The total content of aldehydes in the three groups of sausages was notably high, with the Pure Bamei pork sausages containing 24 distinct aldehyde species, which was more than those found in binary crossbred pork sausages (21 species) and ternary crossbred pork sausages (16 species), with a significant difference. Some of these aldehydes, such as citral, tridecanal, and pentadecanal, were only present in the Pure Bamei pork sausages. Rosario reported that dry-cured meat products from different types of pork showed significant differences in some aldehydes and ketones. (Ramírez & Cava, 2007). The categories of esters in the three groups of sausages were similar. Some of the esters, such as ethyl linoleate (232.99 μg/kg), ethyl palmitate (707.76 μg/kg), and ethyl acetate (142.12 μg/kg), were higher in the ternary crossbred pork sausages compared to the other two groups of sausages, Ethyl palmitate is characterized by a faint creamy aroma and ethyl acetate presents a refreshing fruity scent, both of which can provide an aromatic odour to the sausage (Sun et al., 2022). The ternary crossbred pork sausages also contained ethyl stearate, which was not detected in the other sausages. The relatively low thresholds for substances such as ethyl acetate and ethyl stearate in meat products can contribute to the special flavor of ternary pork sausages (Chang et al., 2021).
The total content of alkene compounds in the three groups of sausages was similar, but the category of alkenes was richer in the ternary crossbred pork sausage. Caryophyllene, hinokiol, thujopsene, styrene, and cedarene were only detected in the ternary crossbred pork sausages with a total of 920.2 μg/kg, all of which have distinctive aromas (Lyu et al., 2025). The threshold values for compounds such as α-pinene in meat products are 47 μg/kg, imparting a strong woody and pine-like flavor (Vespermann et al., 2017). In this experiment, all three types of pork sausages exhibited relatively high concentrations of α-pinene, with the highest level found in the binary pork sausage at 388.6 μg/kg. Meanwhile, thujanol with a minty fragrance and 2-pentylfuran with fruity scent, which were not found in the other sausages, were also detected in the ternary crossbred sausages. The extremely low thresholds of these two substances enable them to impart a distinctive flavor to the sausages (Bhatia et al., 2008). The higher sensory scores of sausages made from ternary crossbred pork may be related to these special volatile flavor compounds, such as terpene, amylfuran and ethyl acetate.

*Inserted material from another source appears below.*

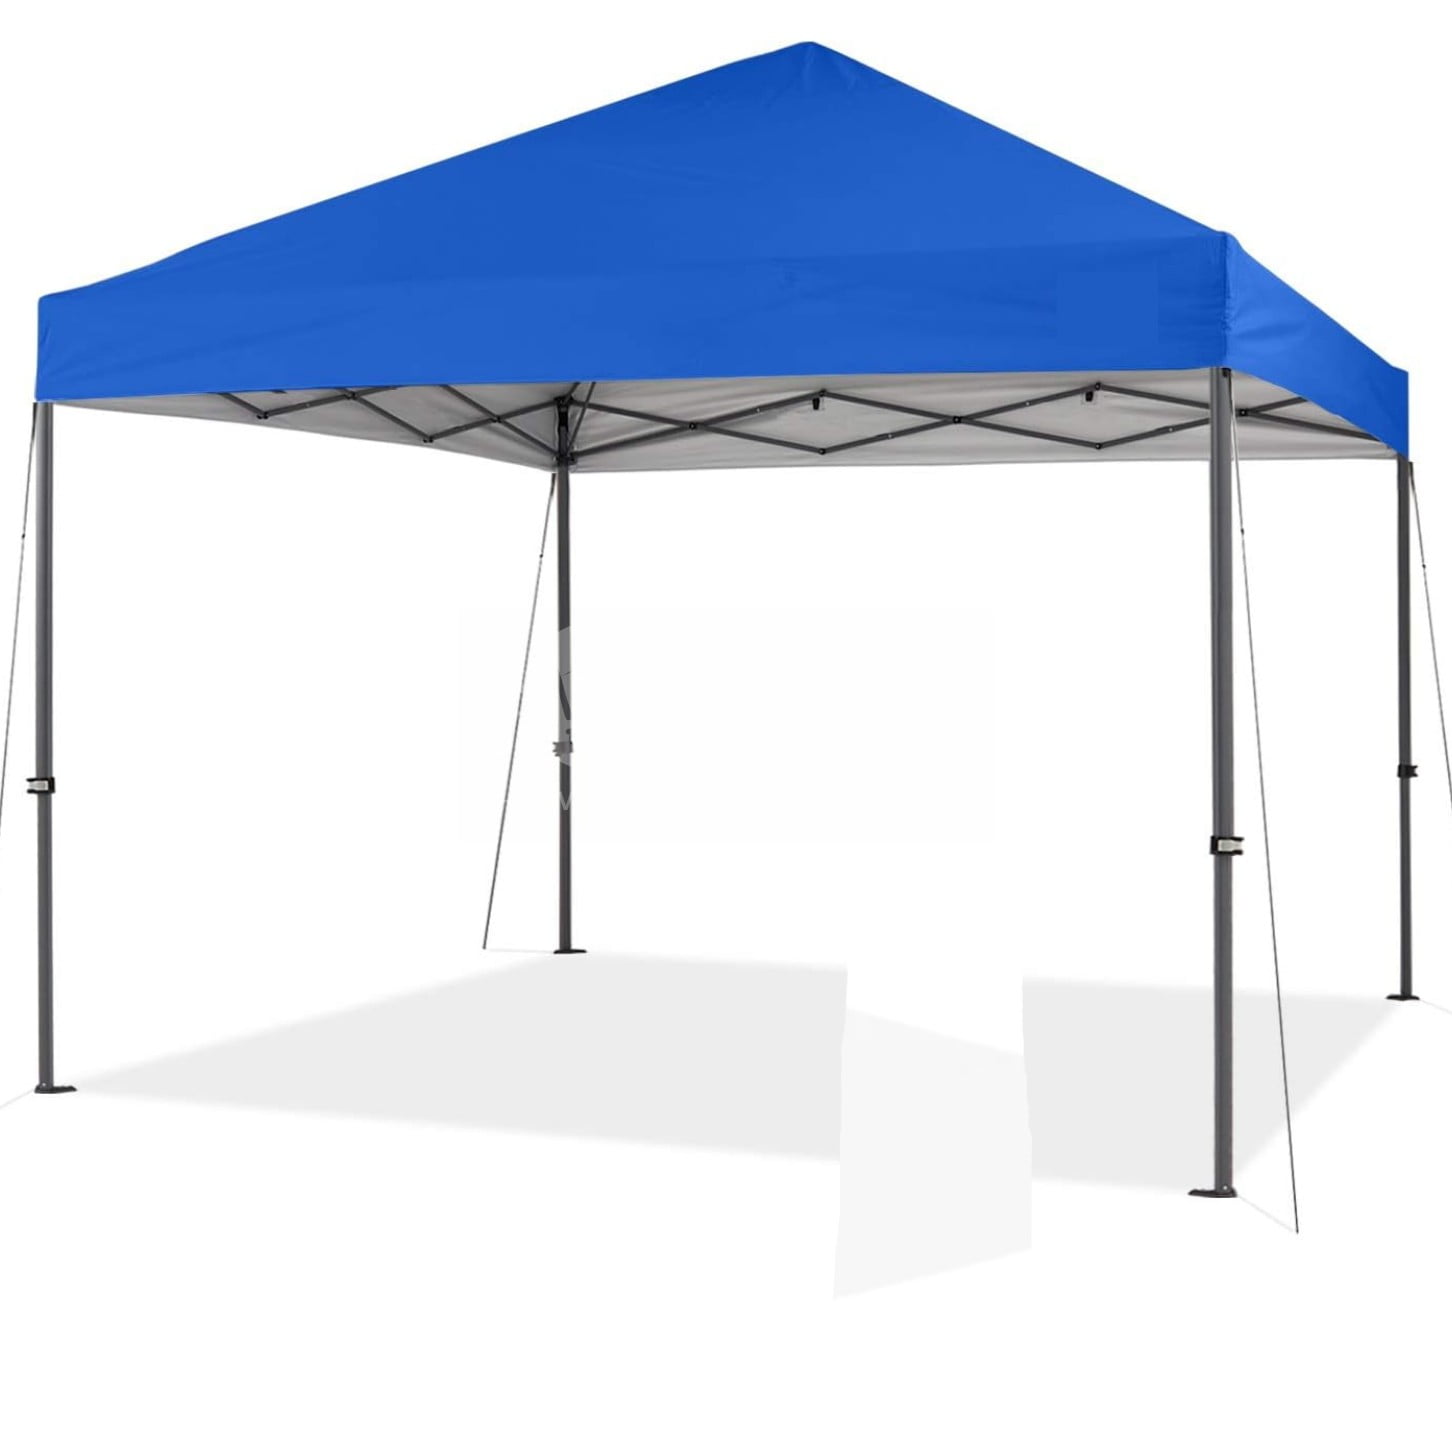 Universal - Tente de camping avec auvent multifonctionnel 5 * 3 pour la  couverture extérieure de Mitsumoto, bâton d'aluminium pour auvent de  protection contre la pluie et la protection solaire(Vert) - Pergolas
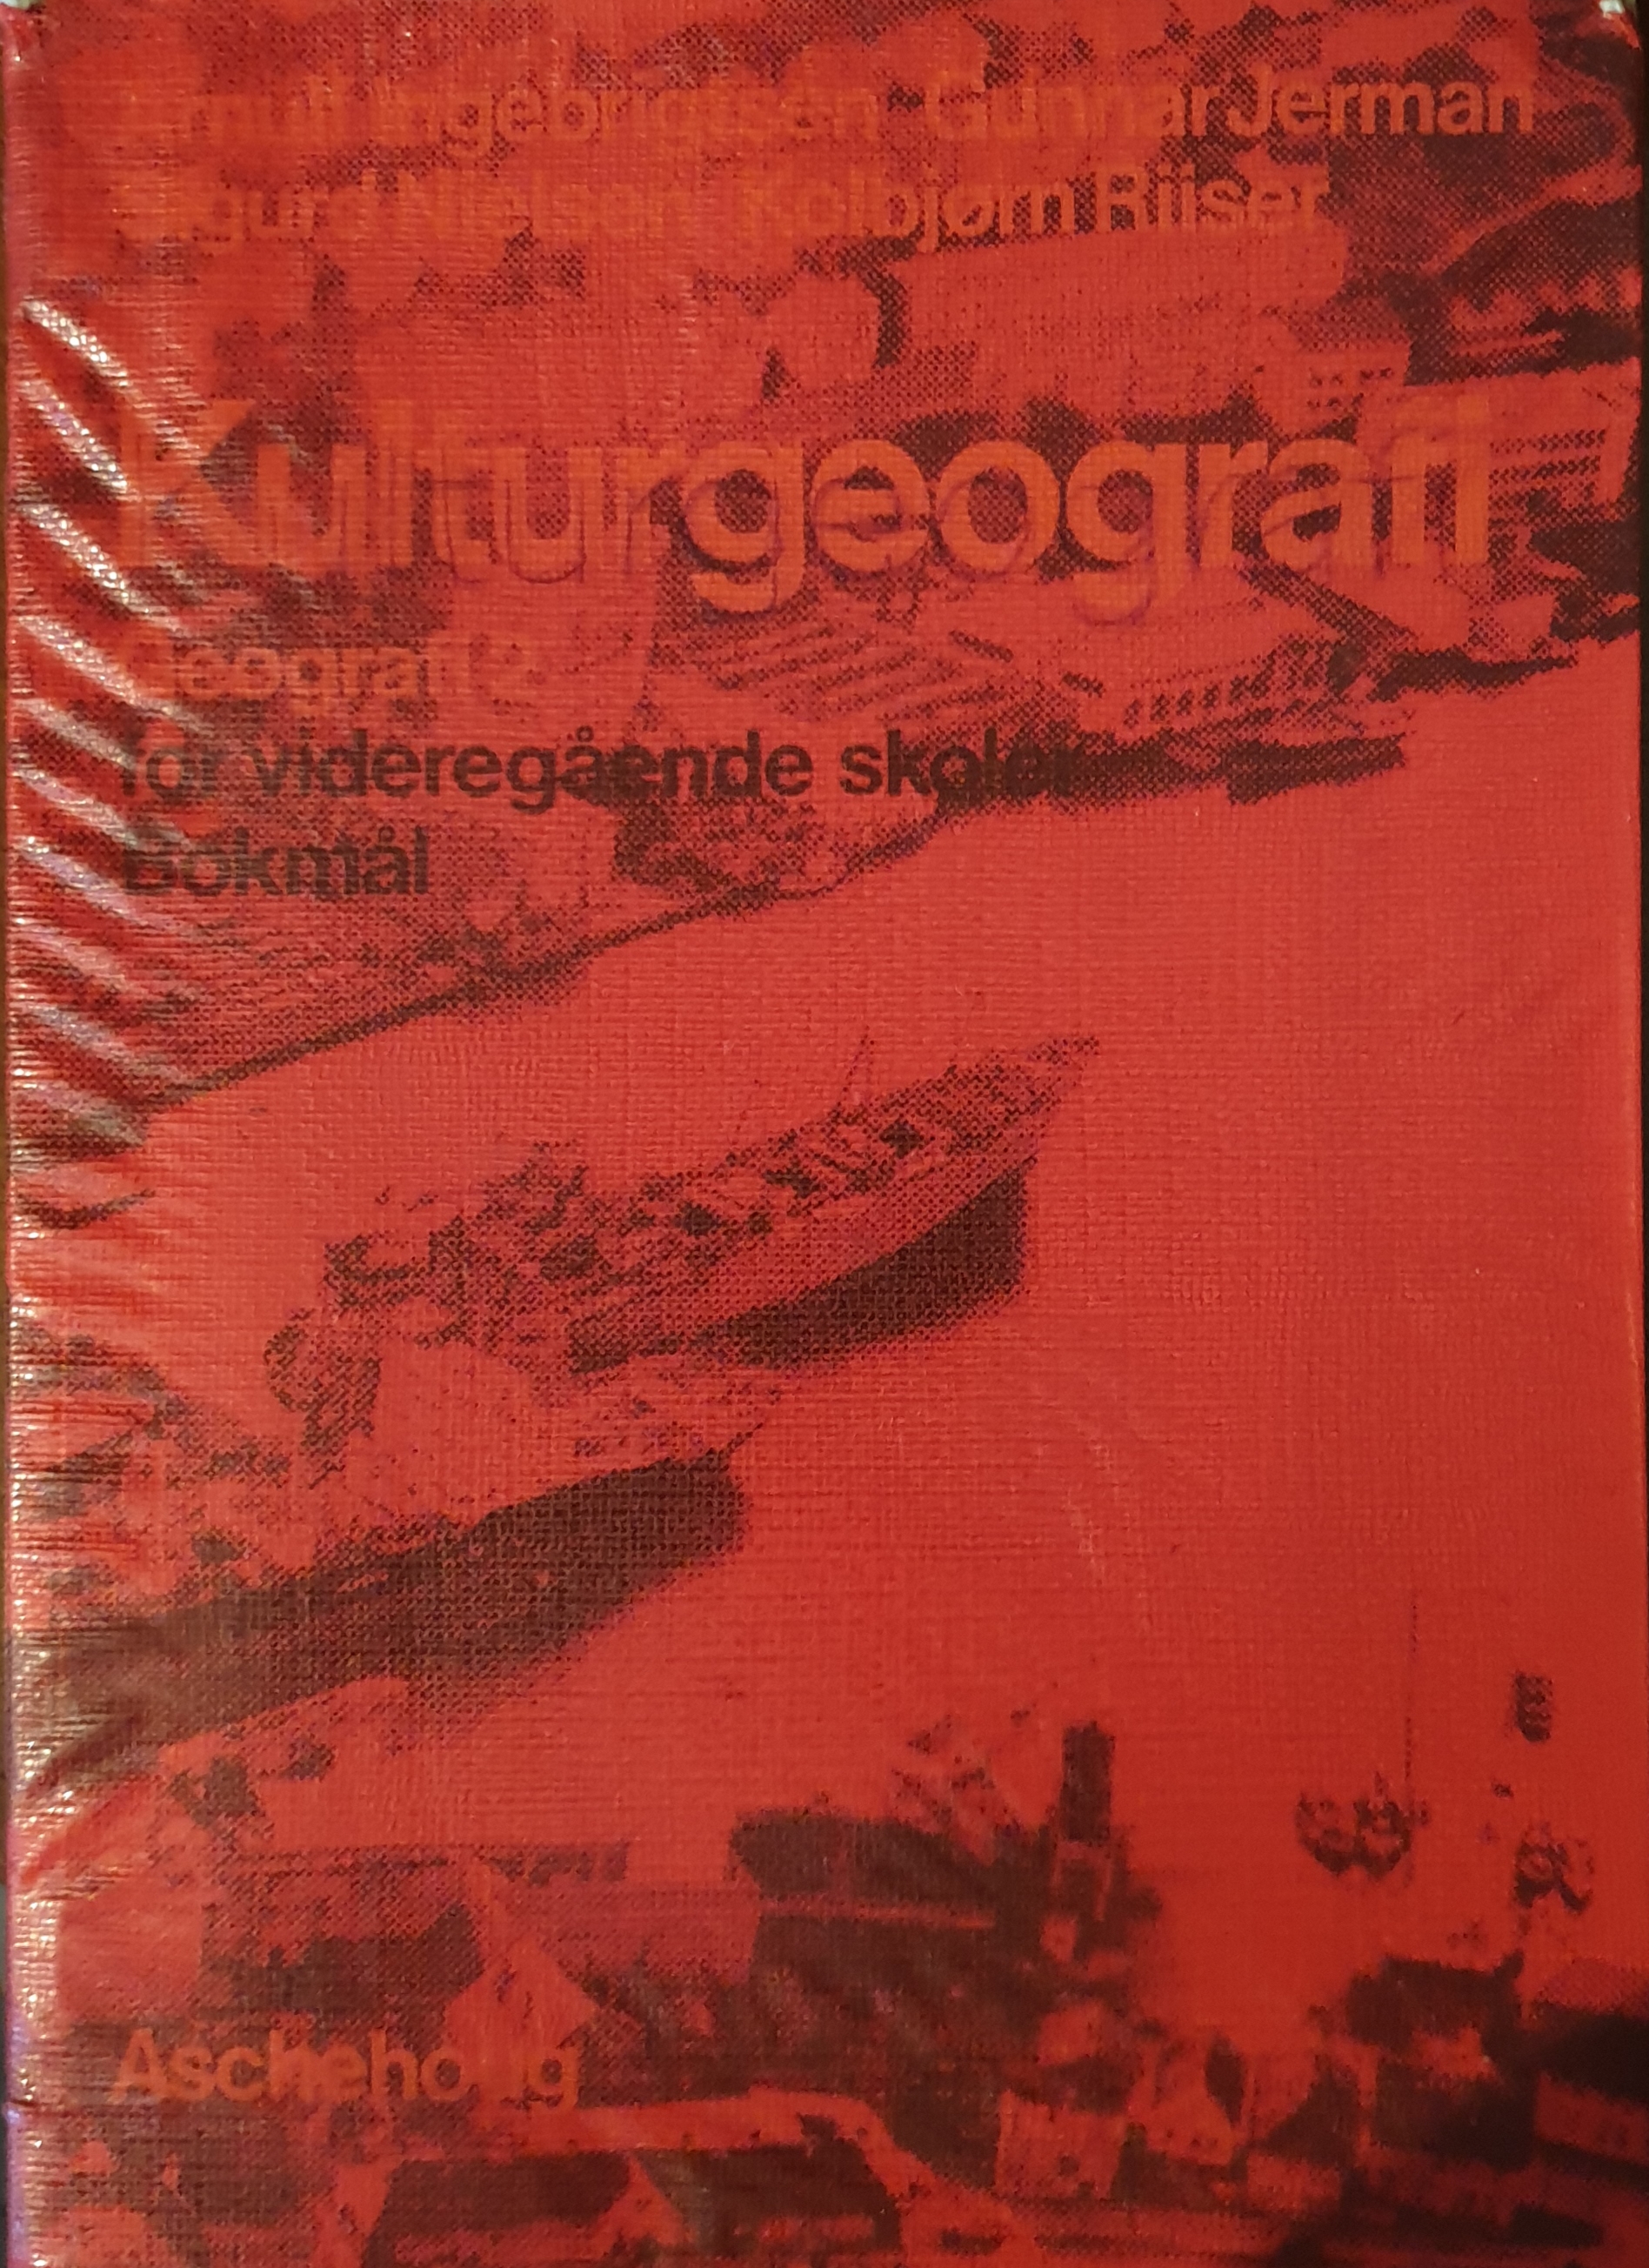 Kulturgeografi : geografi 2 for videregående skoler

Analysis of bacteria community
3.6
As shown in Fig. 6a, Samples from days 0, 1, 16 and 28 were selected to analyze the bacterial community succession (Hultman et al., 2020), exhibiting the top 20 species classifications. The phylum-level bacterial classifications in sausages made from different raw meat did not differ much. The dominant bacterial phyla included Firmicutes, Cyanobacteria, Proteobacteria, and Bacteroidetes. It was Firmicutes that dominated throughout the fermentation process, displaying a trend of initial increase followed by a decrease, with the highest relative abundance at day 16, both reaching more than 60 %. Cyanobacteria was the second abundant group of bacteria in the sausages, along with Proteobacteria and Bacteroidetes, both of which declined in abundance as fermentation progressed. In the study of Katani, sausages made from edible forest game meat also predominantly consisted of Firmicutes (67.8 %), Proteobacteria (18.4 %), Cyanobacteria (8.9 %), and Bacteroidetes (3.1 %) (Katani et al., 2019).Fig. 6. Bacterial species classification of matured sausages (a, b), as well as analysis of species abundance and diversity (c, d, e, f). A0, Pure Bamei pork Sausages on the 0th day of fermentation; B0, binary crossbred pork Sausages on the 0th day of fermentation; C0, ternary crossbred pork Sausages on the 0th day of fermentation. BP, Pure Bamei pork group; CP, binary crossbred pork group; TCP, ternary crossbred pork group.Fig. 6
Fig. 6b illustrates the composition at the bacterial genus level. Lactobacillus, Cyanobacteria, Micrococcus, Proteus, and Bacillus were the dominant genera in the sausages. Lactobacilli grew rapidly at the onset of fermentation, with an abundance of about 60 % after 1 day and then remained stable, a result similar to study of Wang et al. (Wang et al., 2021). The overall distribution of microbial communities at the genus level was similar in the three groups of sausages, but differed significantly in the relative abundance of certain bacteria. The relative abundance of Micrococcus in the matured ternary crossbred sausages was significantly higher than in the other two groups of sausages. The research by Ma et al. indicated that Micrococcus was also key microorganism in naturally fermented sausages (Ma et al., 2023).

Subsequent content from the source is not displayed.